After facing further criticism Thursday over the decision to postpone the deforestation law while briefing members of the European Parliament’s environment committee, Schally said: “Make no mistake, the delay…does not change [any of the] fundamental obligations.”

The adoption of the Nature Restoration Law had been “watched very carefully” across the globe,” Schally noted. “If we had not adopted it, we would have lost much of our credibility internationally,” he told MEPs.

Speakers at yesterday’s event hosted by the United Nations, European Commission and Colombian diplomats, stressed the inextricable link between biodiversity loss and climate changewhich is the subject of a different UN ‘COP’, the COP29 climate summit in Baku, Azerbaijan, in November.

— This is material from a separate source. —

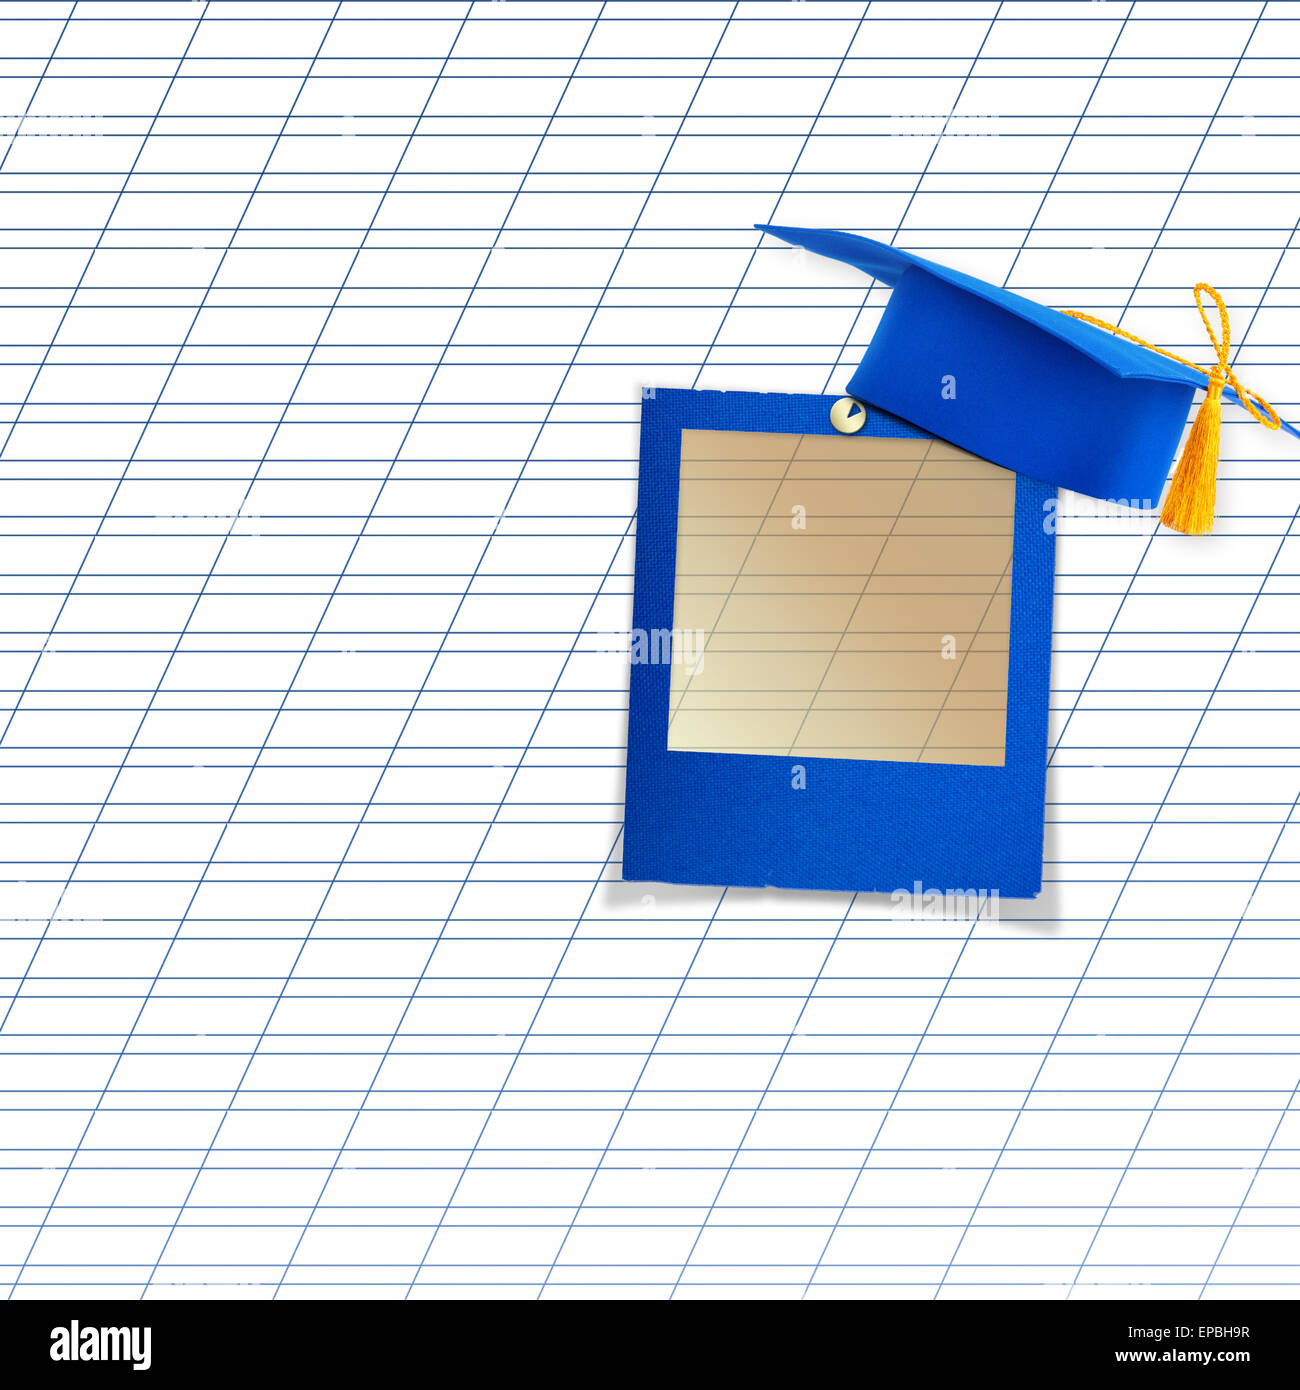 Mortar board or graduation cap with blue slide on the background notebook sheet Stock Photo

Colombia – which wants to push biodiversity up the global agenda alongside climate – is expecting a dozen heads of state, among them Brazil’s President Luiz Inacio Lula da Silva, and over a hundred environment ministers to attend the summit, which it has designated as an opportunity for the world to make “peace with nature”.

A key issue for this year’s biodiversity COP president is the fair sharing of the benefits of genetic resources, specifically the digital sequence information of plants in biodiverse ecosystems that could have applications in biotechnology and medicine, said Camila Polo Florez, Colombia’s chargé d’affaires in Brussels.

Florez pointed to a partnership launched by Colombia and Germany at the last summit in December 2022 that aims to help developing countries implement the National Biodiversity Strategies and Action Plans (NBSAP) that parties to the global framework have to elaborate and now counts France, Spain, Canada and China among its members.

The issue of finance will, as in the parallel climate negotiations, be a thorny but central issue in Cali. Under the GBF, resources provided by developed to developing countries must reach $20 billion per year by 2025 and $30 billion by 2030.

In a video message to the event, the head of the Commission’s environment directorate, Florika Fink-Hooijer, said the EU was ready to pay its share. “We are keeping to our commitment to double external financing for biodiversity,” she said, referring to a decision dating from a year before the Montreal agreement to stump up €7 billion of the EU’s 2021-2027 budget.